The AAP's strong anti-corruption stand has forced the ruling Congress Party and the main opposition Bharatiya Janata Party (BJP) to make statements against corrupt practices in the past few days, papers say.

This was evident when Congress Vice-President Rahul Gandhi recently criticised his own party's government in the western state of Maharashtra for its reluctance to accept a judicial report on a housing scam in the state.

The Congress "appears to have woken from its slumber", says The Times of India, noting Mr Gandhi's latest move.

"Rahul is now not only prepared to admonish party leaders, but would prefer them to address the very issues - sound and clean governance - the neglect of which cost the party dearly in November assembly elections," the editorial says.

But the paper remains sceptical of Mr Gandhi's move, saying "it is doubtful whether presenting Congress as an organisation willing to embrace change will work wonders for it at this late juncture" ahead of next year's general elections.

Simultaneously, the AAP's rise "opens up the political field as it signals more competition" for established parties, the paper adds in another editorial.

The Pioneer hopes that established political parties will "learn a lesson", and says the Congress "must re-invent itself if it wishes to remain relevant".

The paper also advises the BJP to "view the victory of the AAP as a message from the people" that the main opposition party is not the only alternative to the Congress.

The Hindu welcomes Mr Gandhi's stand on the housing scam, but adds that it "will not be enough to rid the Congress of its image as a party prone to denying or covering up wrongdoing".

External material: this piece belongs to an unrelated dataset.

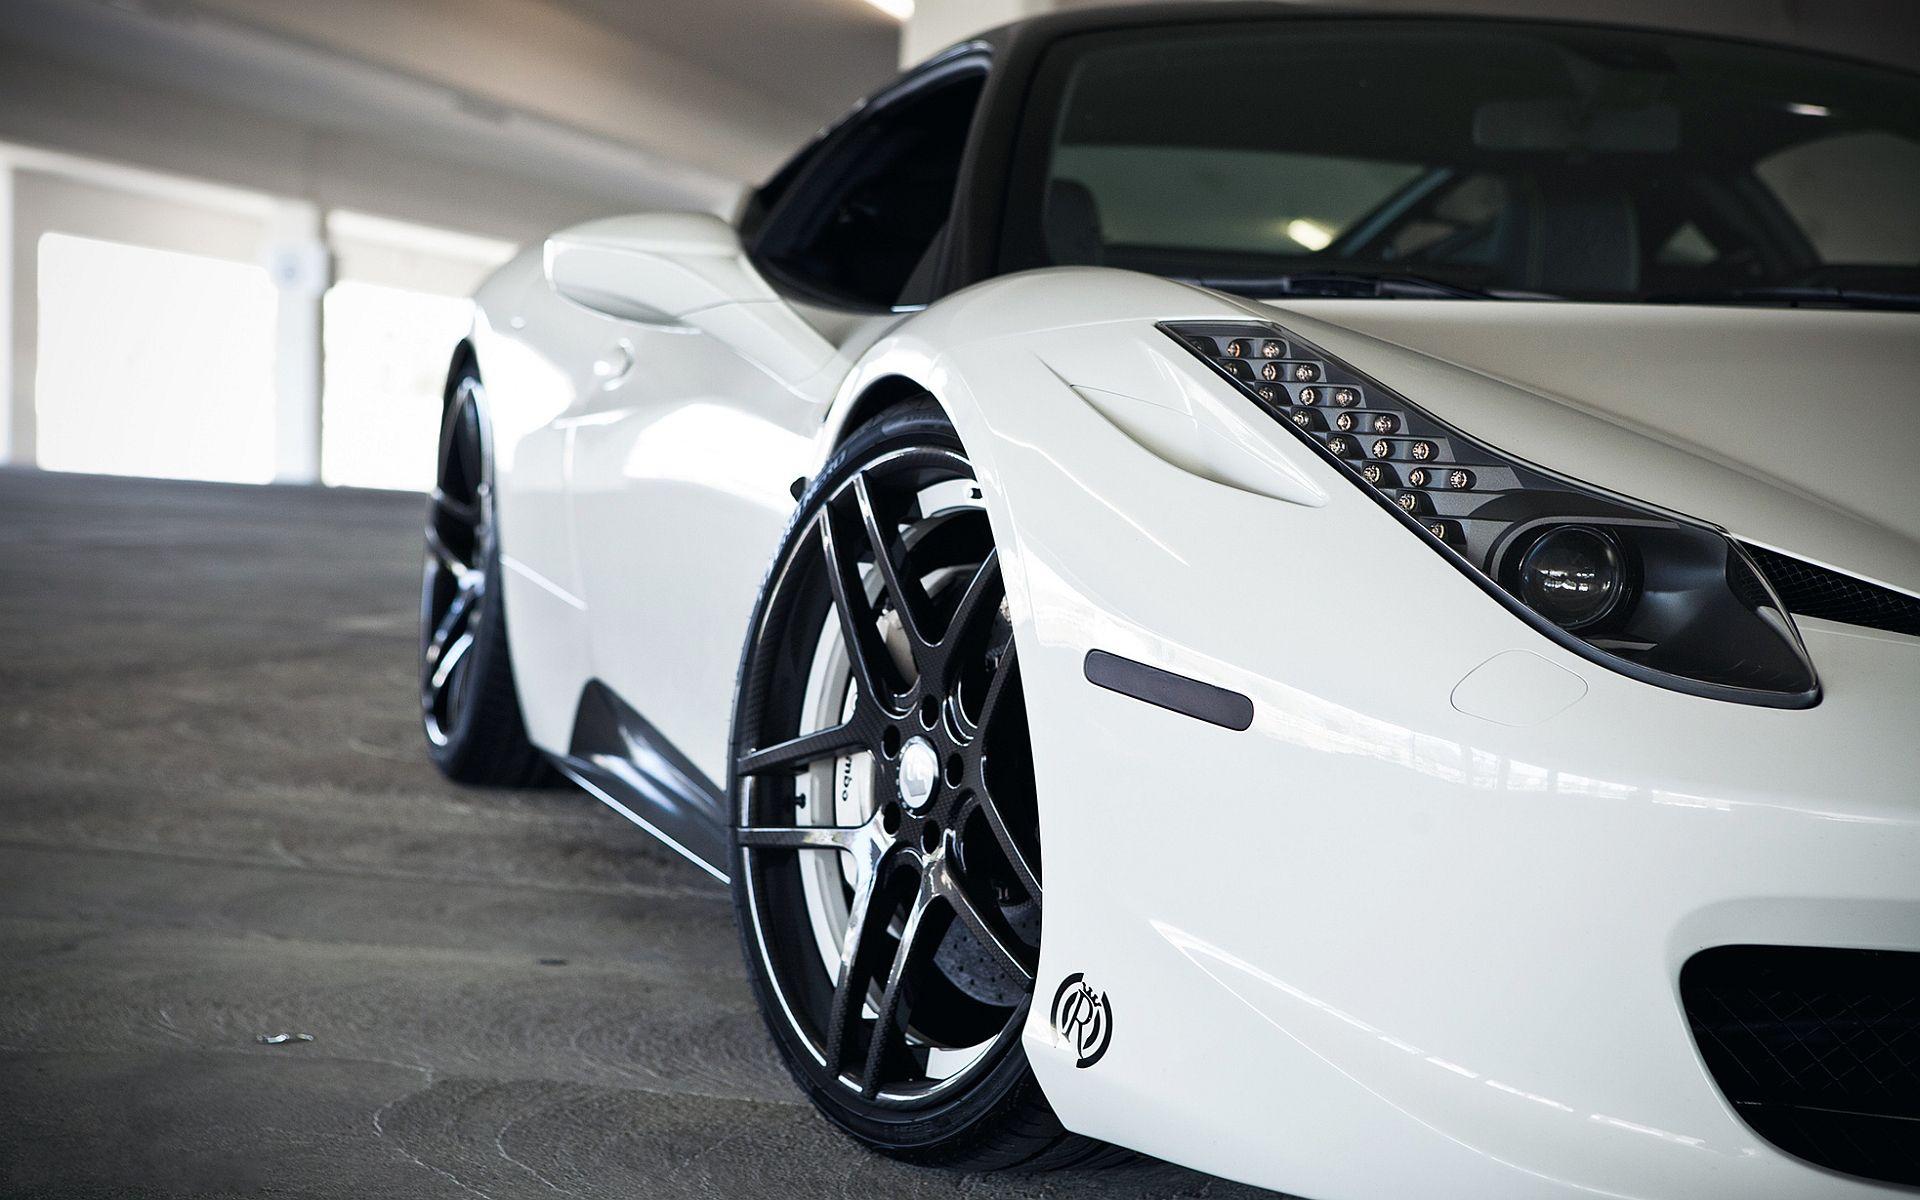 Ferrari 458 italia white desktop wallpaper ferrari wallpapers ferrari 458 italia white desktop wallpaper vanachro Image collections

The party's senior members "need moral fibre of their own and should not expect correctives to be handed down through its leader's selective and sporadic interventions", the paper says.

'Legal identity'

In the meantime, requests and demands have started pouring in from the public just two days after Mr Kejriwal took oath as Delhi's chief minister.

And Delhi's street children were the first to send an official demand to Mr Kejriwal, saying their condition is "far worse than that of the common man" and their needs more basic than cheap electricity or water, The Times of India reports.

Helped by an NGO called Badhte Kadam, the children have sought legal identity, protection for their rights, participation in government meetings on matters relating to them, and action against those who employ child labourers, the report says.

Moving on to other news, internet search giant Google says in its updated Transparency Report that content removal requests from the Indian government shot up by 90% between July and December 2012, compared to the preceding six months, the Hindustan Times reports.

The requests reflect "growing unease among authorities of what they view as objectionable content", the paper says.

And finally, scientists have invented a mobile phone application which will produce beeping sounds to warn Indian fishermen against straying into Sri Lankan waters, The Pioneer reports.

Sri Lankan authorities often arrest Indians for crossing the maritime boundary while fishing, and this is a sensitive issue between the two countries.